The venture succeeded under Anays marketing prowess.
But then the relationship between Anay and Tocao soured. One day, Tocao advised one of the
branch managers that Anay was no longer a part of the company. Anay then demanded that the
company be audited and her shares be given to her.
ISSUE: Whether or not there is a partnership.
HELD: Yes, even though it was not reduced to writing, for a partnership can be instituted in any
form. The fact that it was registered as a sole proprietorship is of no moment for such
registration was only for the companys trade name.
Anay was not even an employee because when they ventured into the agreement, they
explicitly agreed to profit sharing this is even though Anay was receiving commissions because
this is only incidental to her efforts as a head marketer.
The Supreme Court also noted that a partner who is excluded wrongfully from a partnership is
an innocent partner. Hence, the guilty partner must give him his due upon the dissolution of the
partnership as well as damages or share in the profits realized from the appropriation of the
partnership business and goodwill.
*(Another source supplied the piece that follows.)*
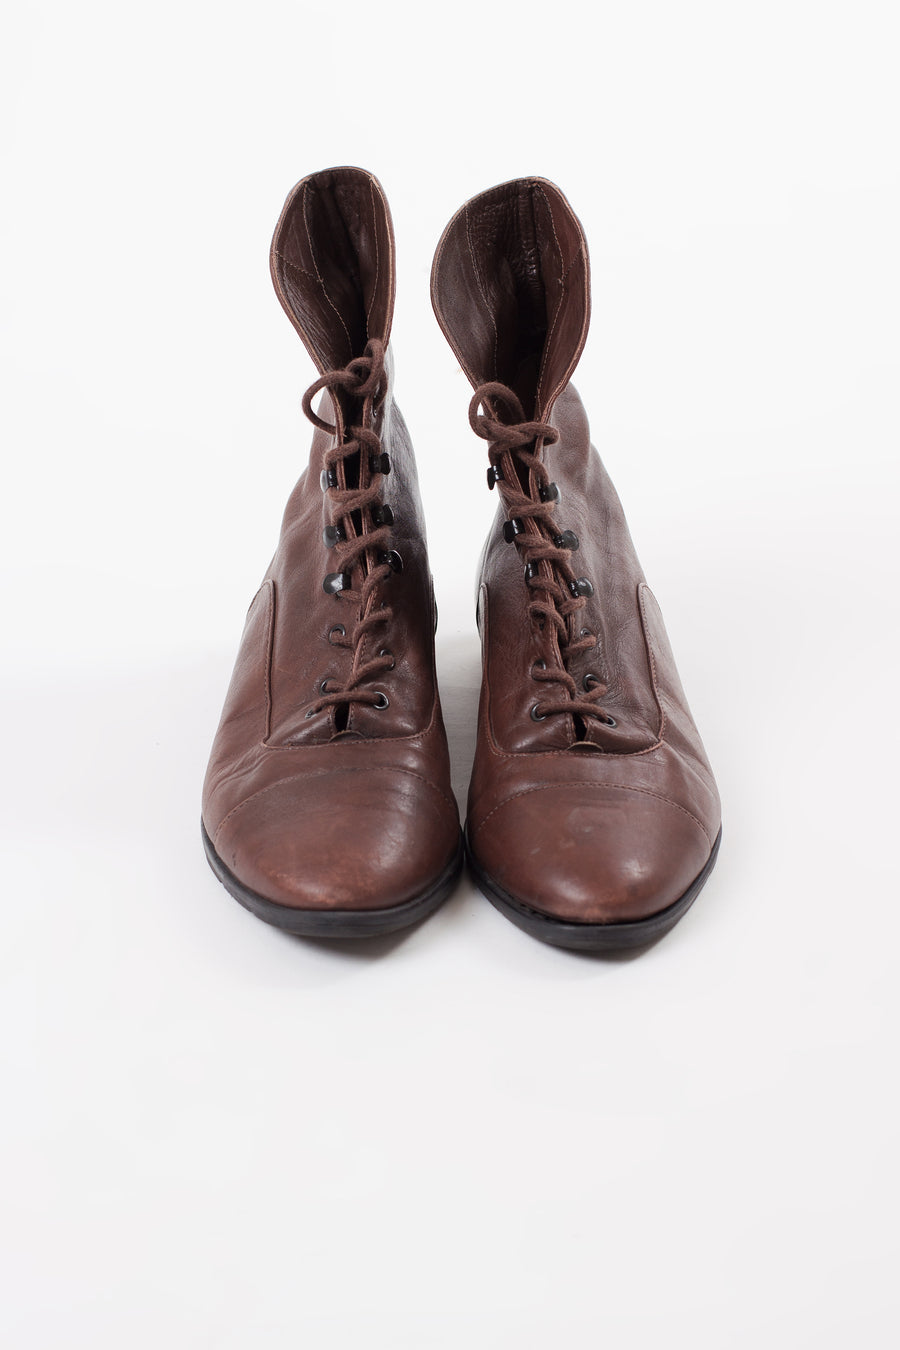 Vintage Brown Ankle Booties | 6.5M

An innocent partner thus possesses pecuniary interest in
every existing contract that was incomplete and in the trade name of the co-partnership and
assets at the time he was wrongfully expelled.
An unjustified dissolution by a partner can subject him to action for damages because by the
mutual agency that arises in a partnership, the doctrine of delectus personaeallows the partners
to have the power, although not necessarily the right to dissolve the partnership.
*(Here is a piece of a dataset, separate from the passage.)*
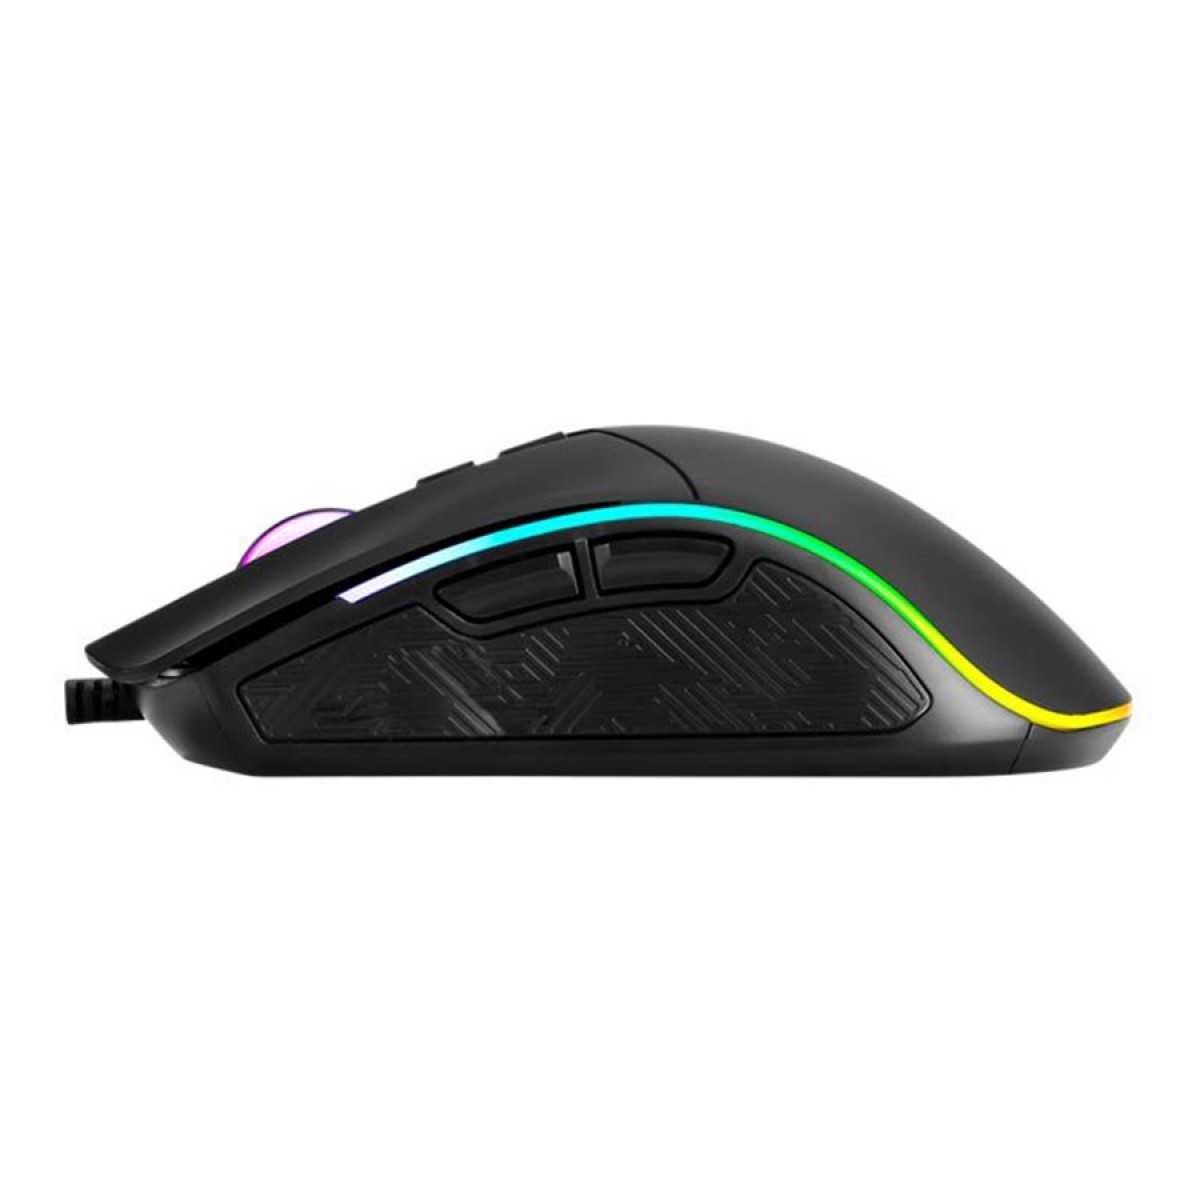 Mouse Gamer Marvo M513, 6400 DPI, 7 Botões, RGB, Black

Tocaos unilateral exclusion of Anay from the partnership is shown by her memo to the Cubao
office plainly stating that Anay was, as of October 9, 1987, no longer the vice-president for sales
of Geminesse Enterprise. By that memo, petitioner Tocao effected her own withdrawal from the
partnership and considered herself as having ceased to be associated with the partnership in

the carrying on of the business. Nevertheless, the partnership was not terminated thereby; it
continues until the winding up of the business.
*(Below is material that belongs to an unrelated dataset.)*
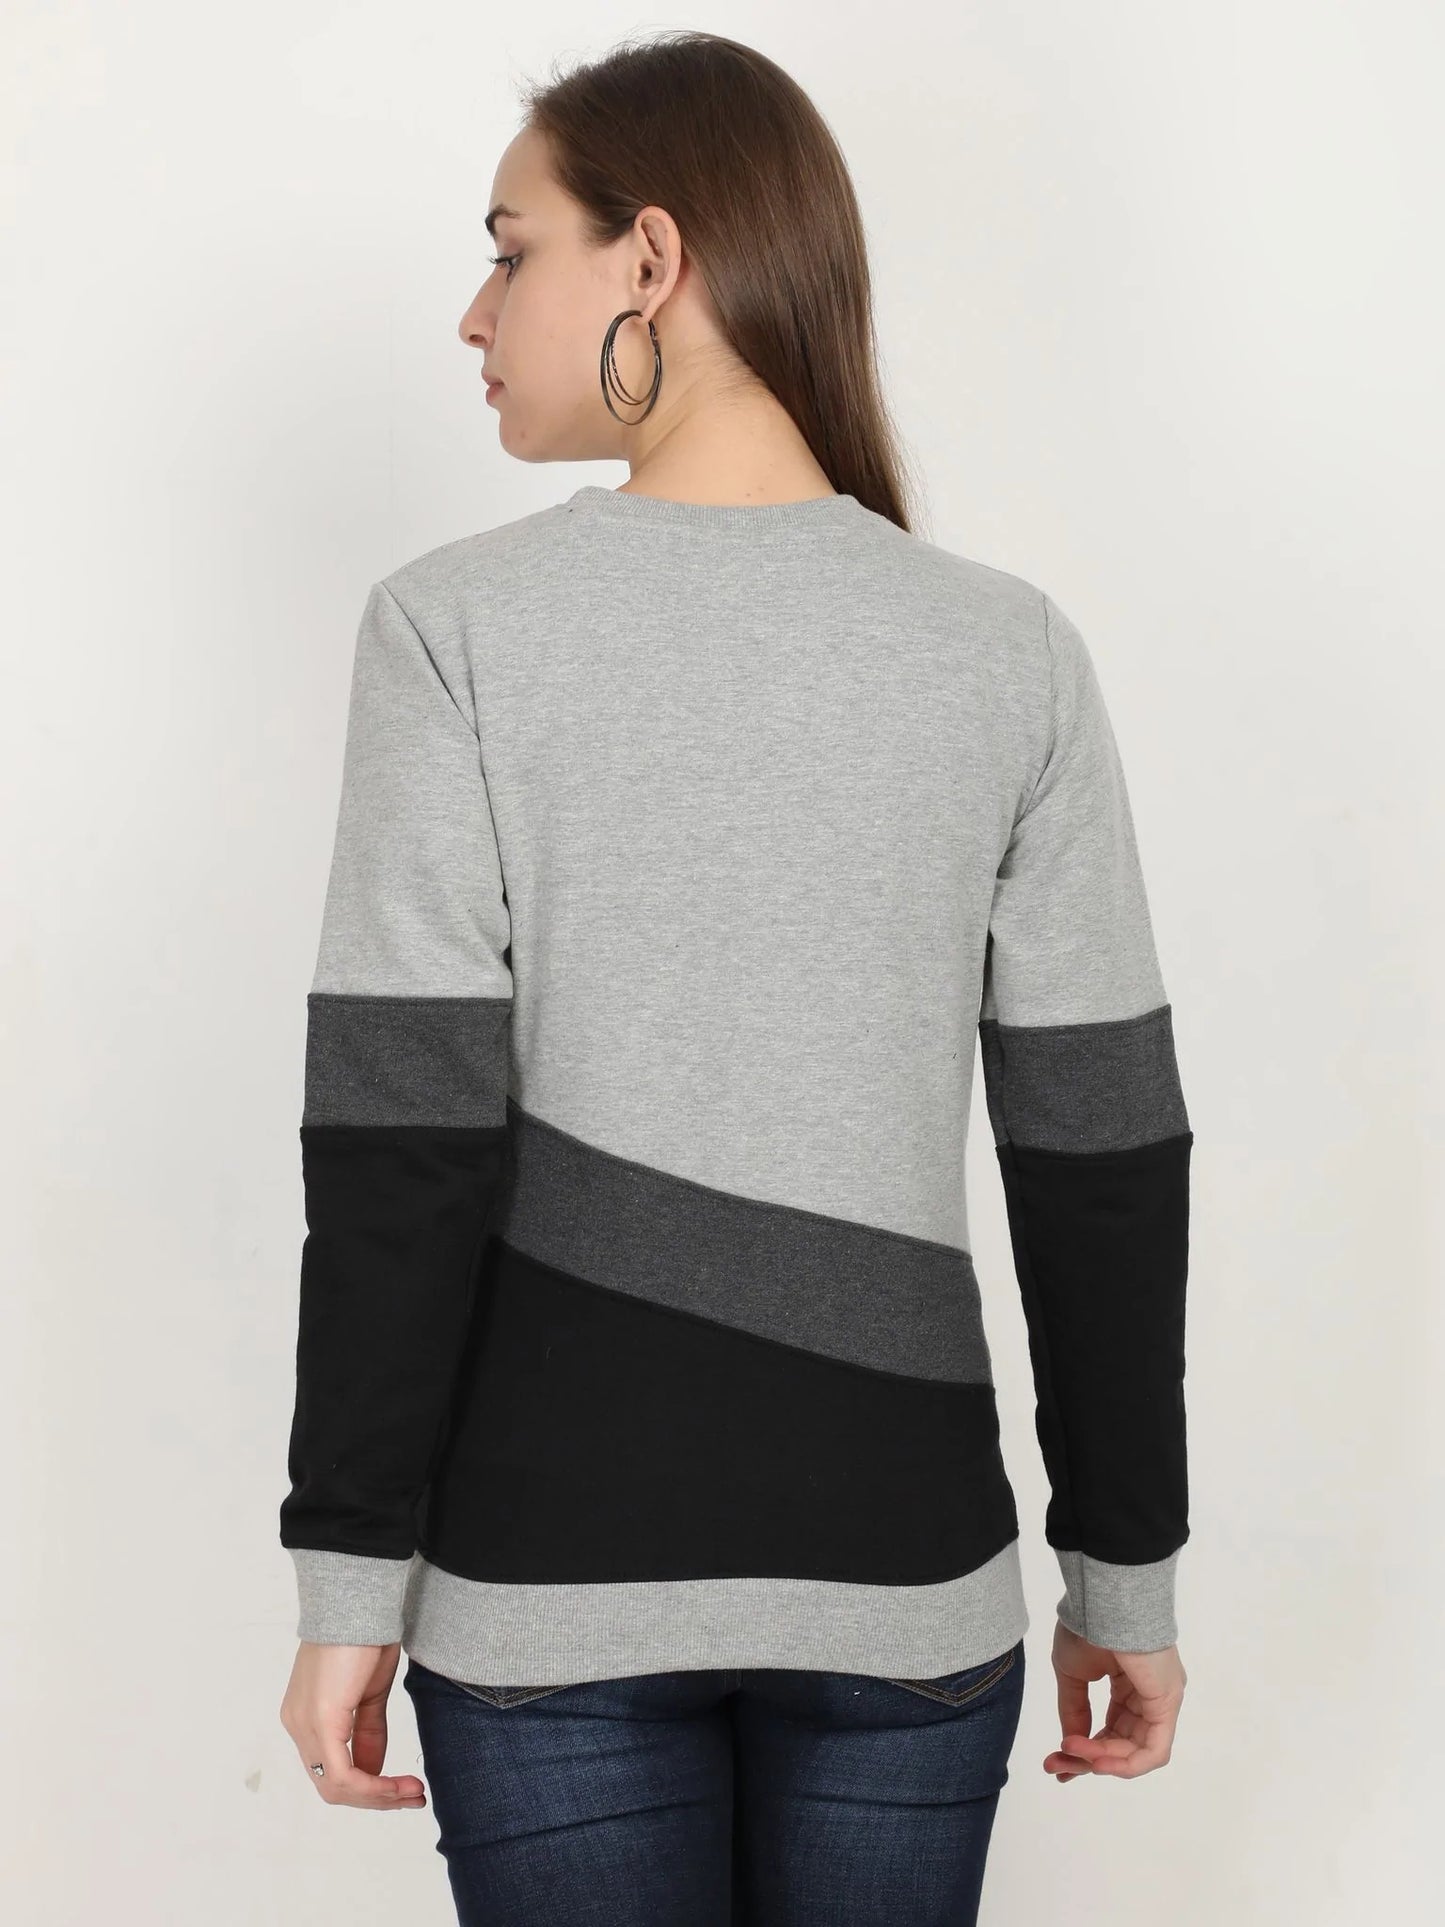 Fleximaa Women's Cotton Color Block Full Sleeve Sweatshirt - fleximaa-so

Motion for Reconsideration filed by Tocao and Belo decided by the SC on September 20,
2001.

Belo is not a partner. Anay was not able to prove that Belo in fact received profits from
the company. Belo merely acted as a guarantor. His participation in the business
meetings was not as a partner but as a guarantor. He in fact had only limited
partnership. Tocao also testified that Belo received nothing from the profits. The
Supreme Court also noted that the partnership was yet to be registered in the Securities
and Exchange Commission. As such, it was understandable that Belo, who was after all
petitioner Tocaos good friend and confidante, would occasionally participate in the
affairs of the business, although never in a formal or official capacity.